Phase 1 (drums) uses pitch-invariant features — same instrument clusters together regardless of pitch. Phase 2 (tap-test) uses pitch-sensitive features — frequency shifts ARE the diagnostic signal (hollow = resonant/tonal, solid = broadband/damped).
| Features | Count | Purpose |
|---|---|---|
| Spectral (centroid, bandwidth, rolloff, flatness, dominant freq) | 5 | Absolute frequency content — shifts indicate structural condition |
| Energy ratios (low/mid/high) | 3 | Frequency balance |
| Temporal envelope (attack, decay, centroid, decay rate) | 4 | Strike response dynamics |
| ZCR, RMS | 2 | Basic signal characteristics |
| MFCCs [1-5] | 5 | Full spectral detail (pitch-sensitive, intentionally) |
| Spectral contrast mean | 1 | Peak-vs-valley structure |
- Per-file clustering: Each file is clustered independently (KMeans k=2) to prevent between-file material differences from masking within-file solid/hollow variance
- Label assignment: Bandwidth-based heuristic — lower bandwidth cluster = HOLLOW (tonal resonance), higher = SOLID (broadband damped)
- Hardcoded exclusion zones for known non-tap events (e.g., tile2 ~20-22s walking thuds) — see Limitations below
- Prediction overlay videos: Visual verification via
tap_video_overlay.py— composites classification banners onto source video with 1s persistence
- 178 audible taps across 2 files (MIN_TAP_RMS=0.004, noise floor ~0.002)
- Primary discriminator: bandwidth (tonal resonance vs broadband thud)
- HOLLOW: bandwidth=2150 Hz, flatness=0.082 (narrow, tonal — resonant void)
- SOLID: bandwidth=2556 Hz, flatness=0.139 (wide, noisy — damped by substrate)
- tile1: 83 taps — 14 SOLID (17%), 69 HOLLOW (83%), silhouette=0.340
- tile2: 95 taps — 36 SOLID (38%), 59 HOLLOW (62%), silhouette=0.251
- Both files correctly show hollow-majority, matching ground truth
- Non-tap events are indistinguishable from taps using audio alone. Walking thuds, footsteps, and accidental impacts produce broadband transients similar to tap events. The current system uses hardcoded exclusion zones (e.g., tile2 ~20-22s) to reject known non-tap events, but this does not generalise.
- Accelerometer/IMU data is likely needed for robust tap detection in field conditions.

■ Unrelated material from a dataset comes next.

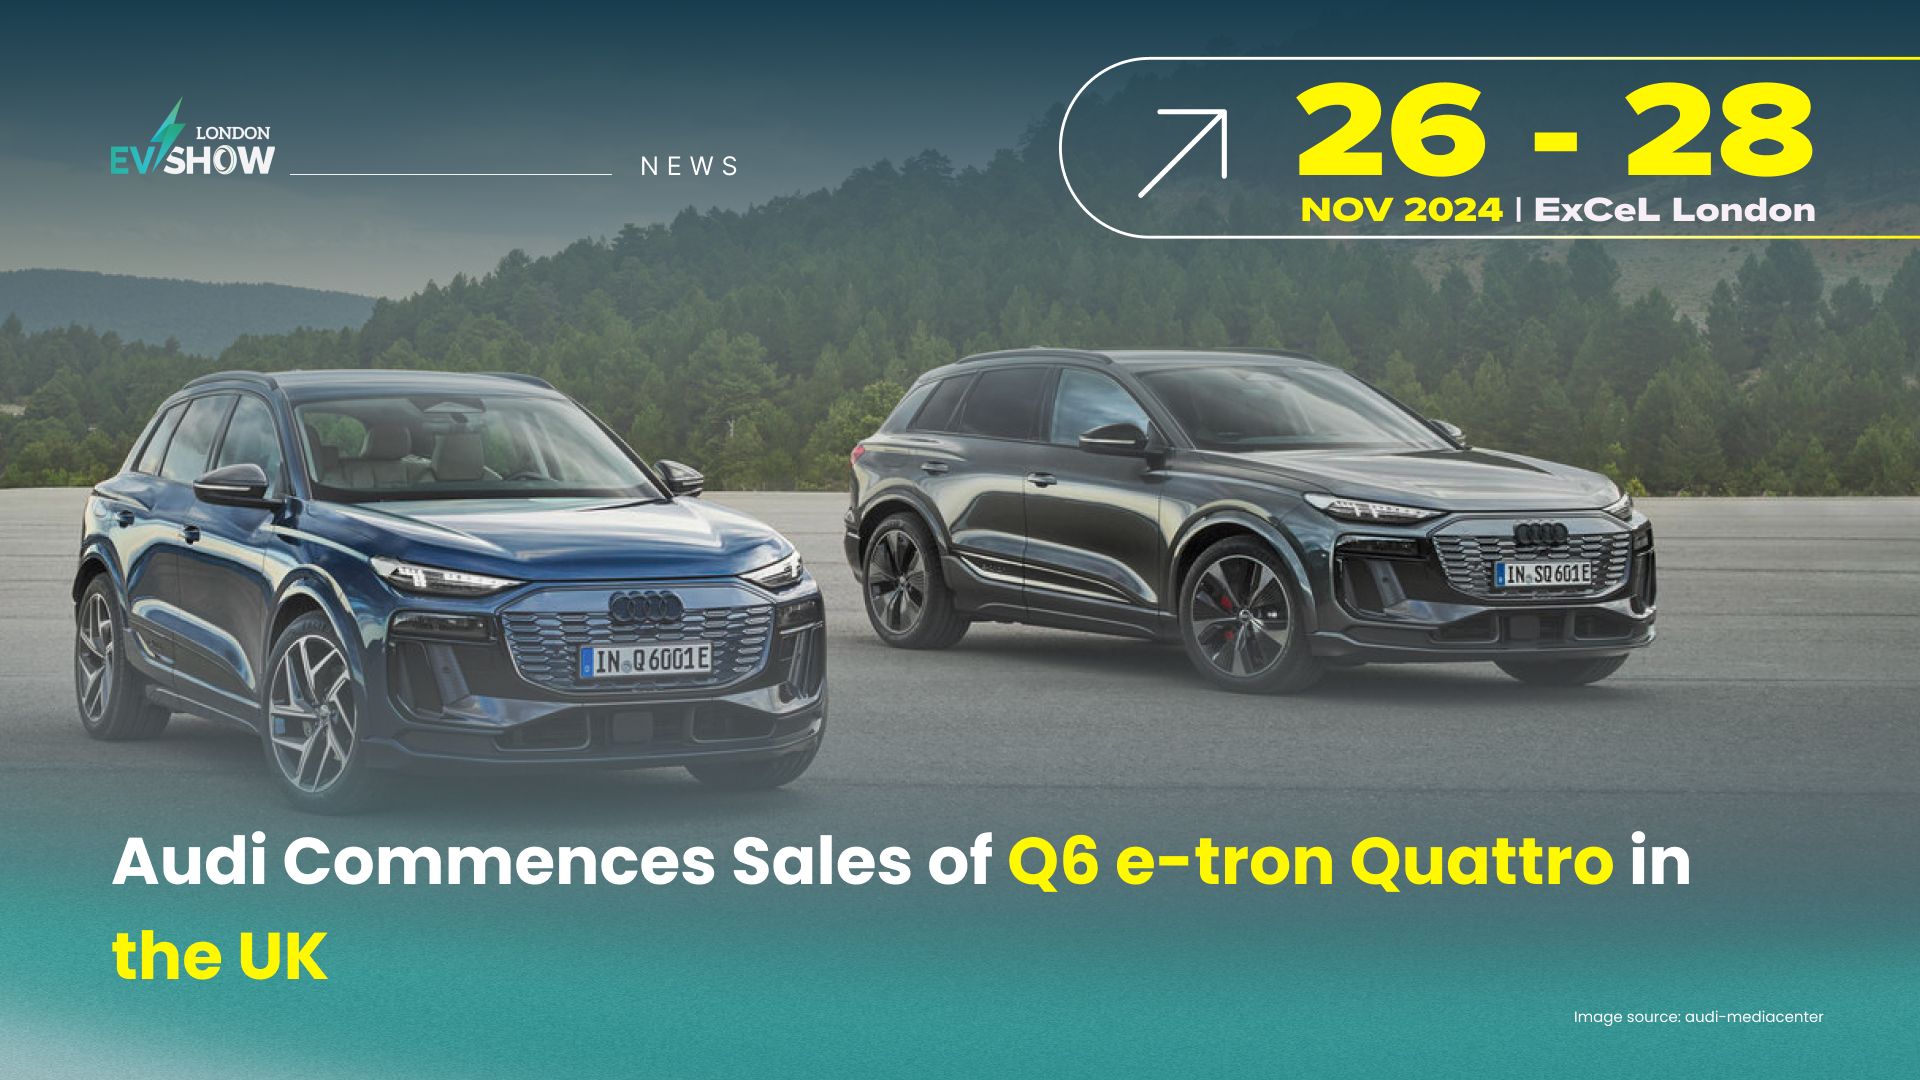 Audi Commences Sales of Q6 e-tron Quattro in the UK

A multi-modal approach combining audio classification with accelerometer-based gesture recognition (detecting the deliberate tap motion) would allow automatic rejection of incidental impacts without manual exclusion zones.
| Script | Purpose |
|---|---|
extract_drums.py |
Unsupervised drum classifier (pitch-invariant features + KMeans) |
tap_classify.py |
Binary tap-test classifier (pitch-sensitive features + per-file KMeans) |
tap_video_overlay.py |
Overlay prediction banners onto source video for visual verification |
extract_ground_truth.py |
Visual ground truth from video frame differencing |
cross_validate.py |
Audio vs visual cross-validation |
analyze_structure.py |
Audio structure analysis (segments, tempo) |
diagnose_onsets.py |
Onset detection diagnostics |
extract_hit_frames.py |
Extract video frames at hit moments |
python -m venv venv
source venv/bin/activate
pip install librosa numpy scipy scikit-learn matplotlib opencv-python Pillow# Phase 1: Drum classification
ffmpeg -i mysterious.webm -vn -acodec pcm_s16le -ar 22050 -ac 1 mysterious_audio.wav -y
python extract_ground_truth.py
python extract_drums.py # auto-k
python extract_drums.py mysterious_audio.wav 4 # forced k=4
python cross_validate.py
# Phase 2: Tap-test classification
python tap_classify.py # uses tile1.opus, tile2.opus by default
python tap_classify.py myfile1.opus myfile2.opus # custom files
python tap_video_overlay.py # overlay predictions on video (needs tile*-video.webm)
# Outputs go to output/ and frames/All scripts exclude the last 10 seconds of audio/video (TRIM_END_SECONDS = 10.0) to skip a parody ending.